The 2021 WNBA draft was the WNBA's draft for the 2021 WNBA season. A draft lottery was held on December 4, 2020 and the New York Liberty were awarded the first overall pick once again in the draft. The draft was held on April 15, and televised on ESPN in the United States and on TSN2 in Canada at 7:00 p.m. EDT.

Draft lottery

The lottery selection to determine the order of the top four picks in the 2021 draft took place during halftime of the DePaul Blue Demons game against the Louisville Cardinals on December 4, 2020 and was televised on ESPN in the United States and across the TSN Network in Canada. The same four non-playoff teams in 2020 qualified for the lottery drawing: Indiana Fever, Dallas Wings, New York Liberty, and Atlanta Dream.

Lottery chances

The lottery odds were based on combined records from the 2019 and 2020 WNBA seasons. In the drawing, 14 balls numbered 1–14 are placed in a lottery machine and mixed. Four balls are drawn to determine a four-digit combination (only 11–12–13–14 is ignored and redrawn). The team to which that four-ball combination is assigned receives the No. 1 pick. The four balls are then placed back into the machine and the process is repeated to determine the second pick. The two teams whose numerical combinations do not come up in the lottery will select in the inverse order of their two-year cumulative record. Ernst & Young knows the discreet results before they are announced.

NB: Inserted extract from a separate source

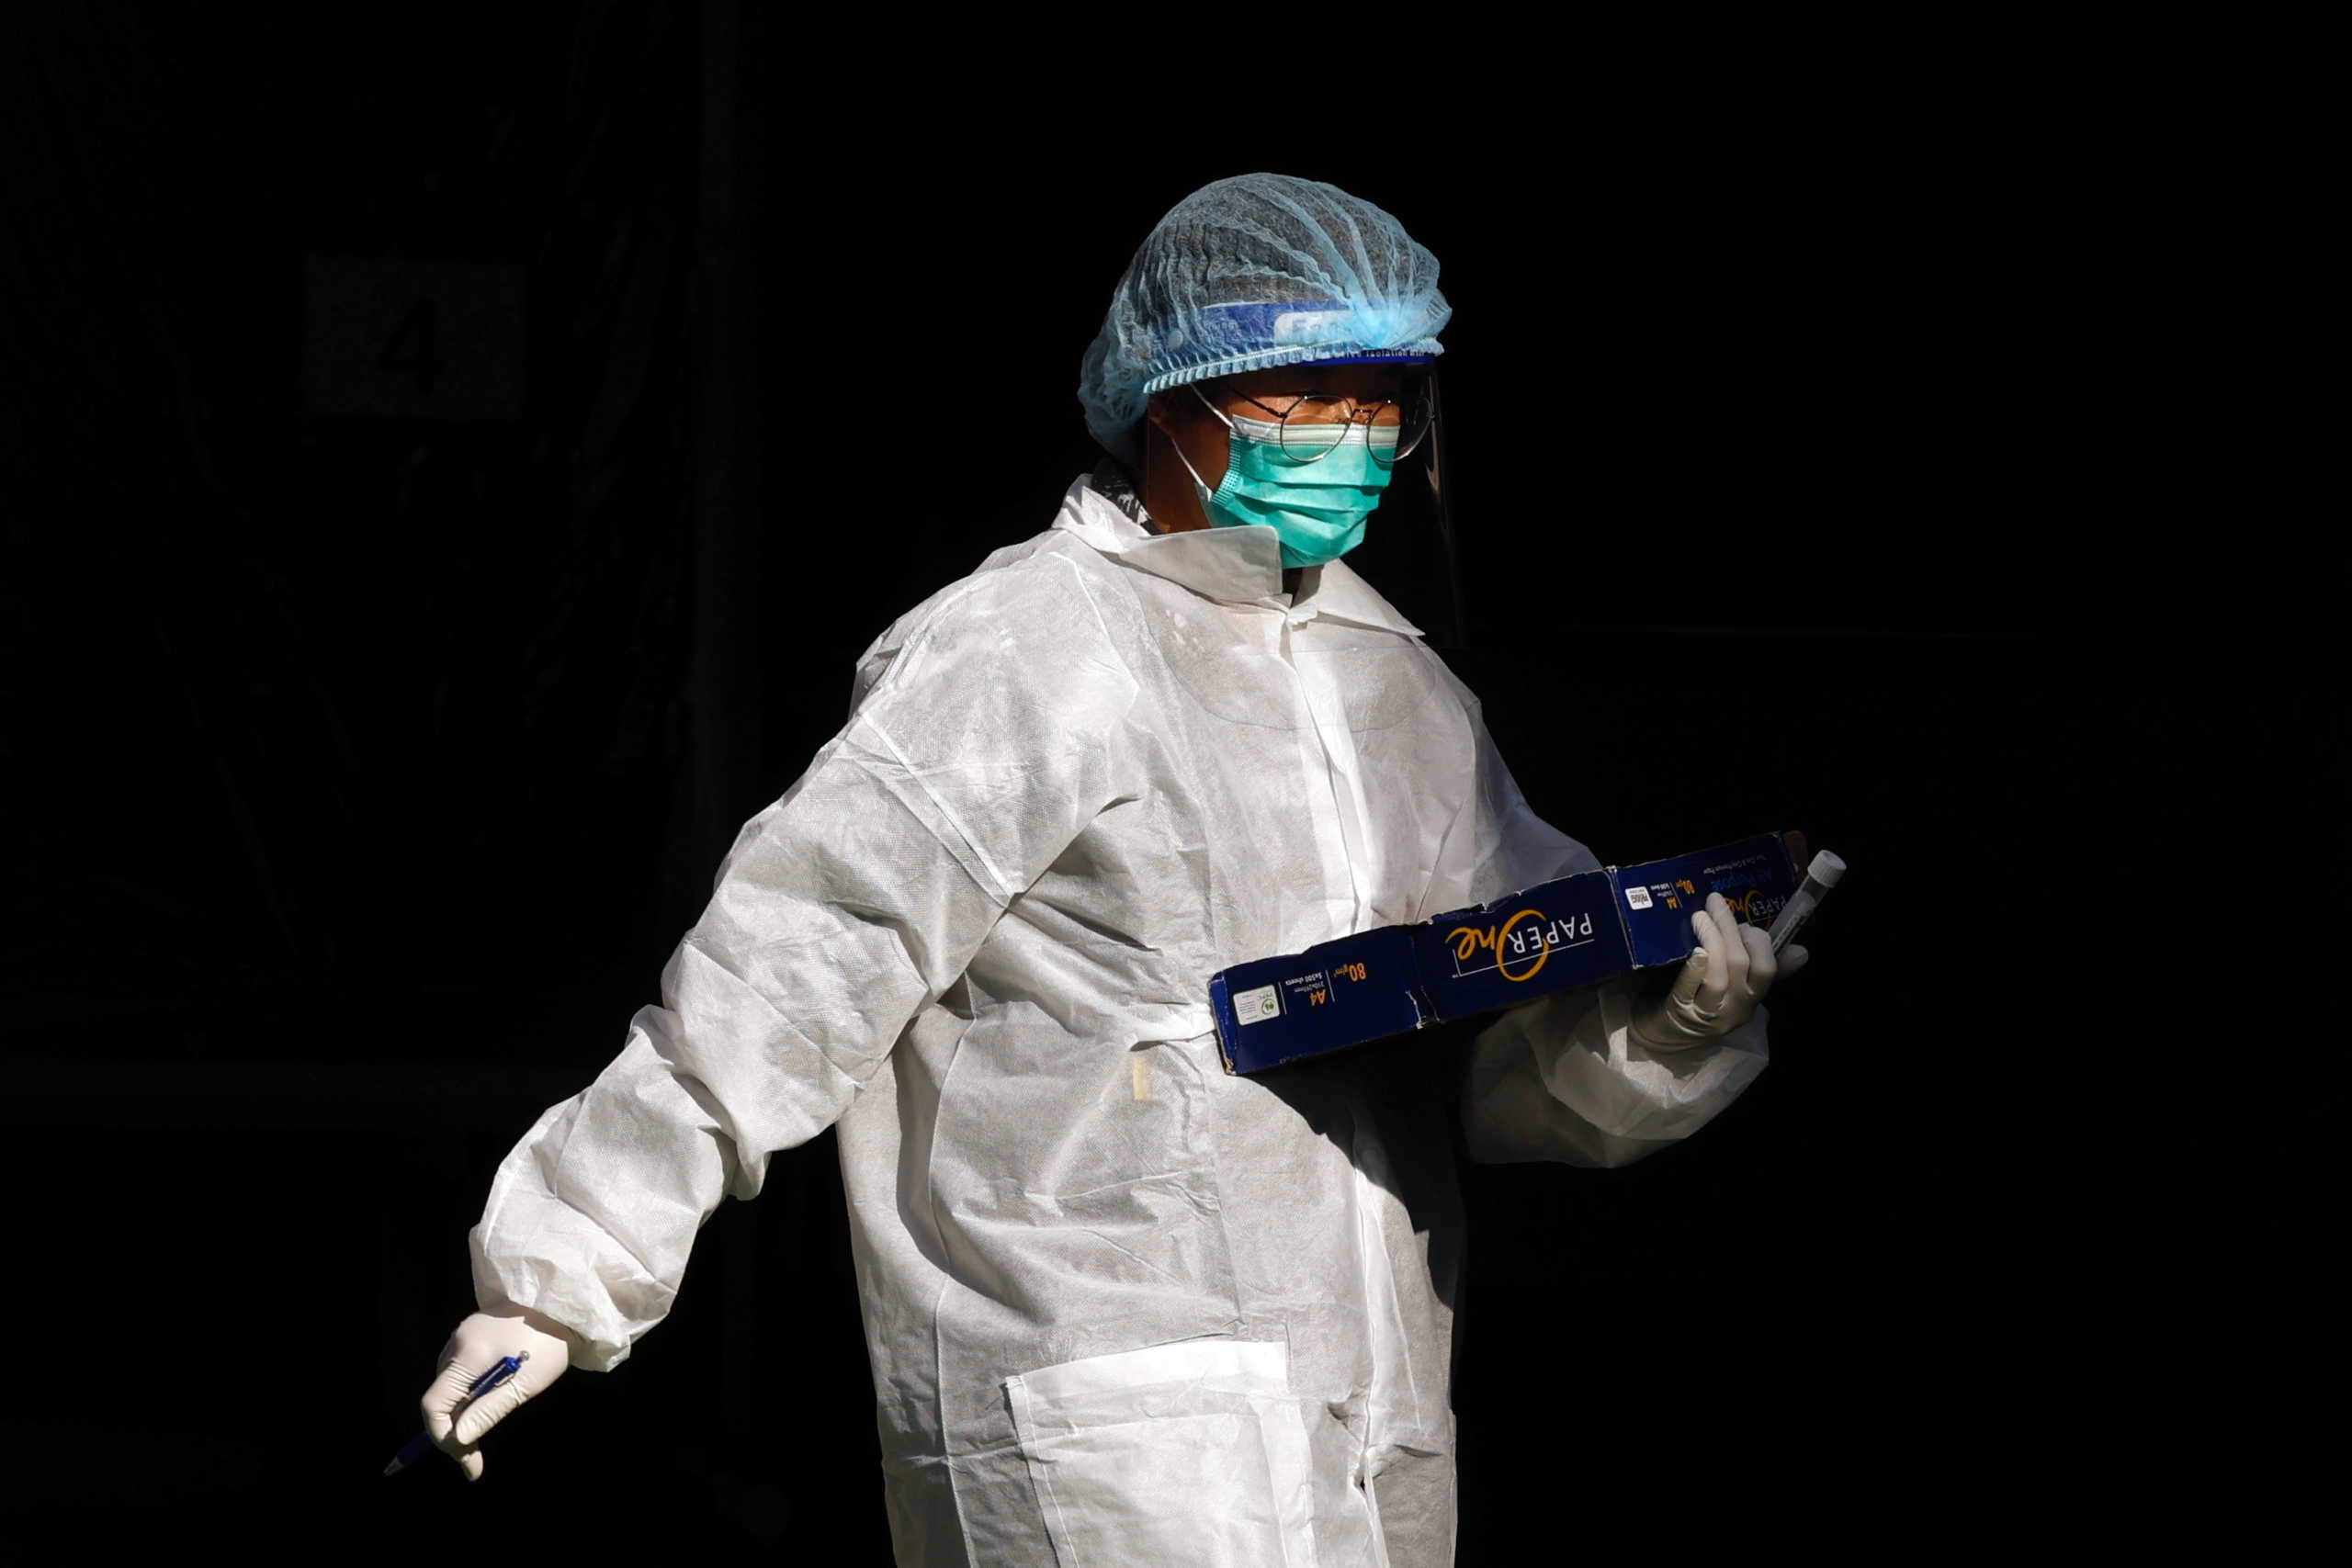 ΗΠΑ: Νέα έρευνα για προέλευση του ιού επιβεβαιώνει ότι διέρρευσε από εργαστήριο στην Ουχάν

The order of selection for the remainder of the first round as well as the second and third rounds was determined by inverse order of the teams' respective regular-season records solely from 2020.

The lottery was won by the New York Liberty, who had the best chance to win the lottery as they did in 2020. The Dallas Wings were awarded the second pick for the second consecutive year, followed by the Atlanta Dream and finally the Indiana Fever. The Liberty would later trade their first pick to the Seattle Storm, who in turn traded it to the Wings. This marks the first time that one team has held the top two picks in the draft in WNBA history.

Eligibility
Under the current collective bargaining agreement (CBA) between the WNBA and its players union, draft eligibility for players not defined as "international" requires the following to be true:
 The player's 22nd birthday falls during the calendar year of the draft. For this draft, the cutoff birth date is December 31, 1999.
 She has either:
 completed her college eligibility;
 received a bachelor's degree, or is scheduled to receive such in the 3 months following the draft; or
 is at least 4 years removed from high school graduation.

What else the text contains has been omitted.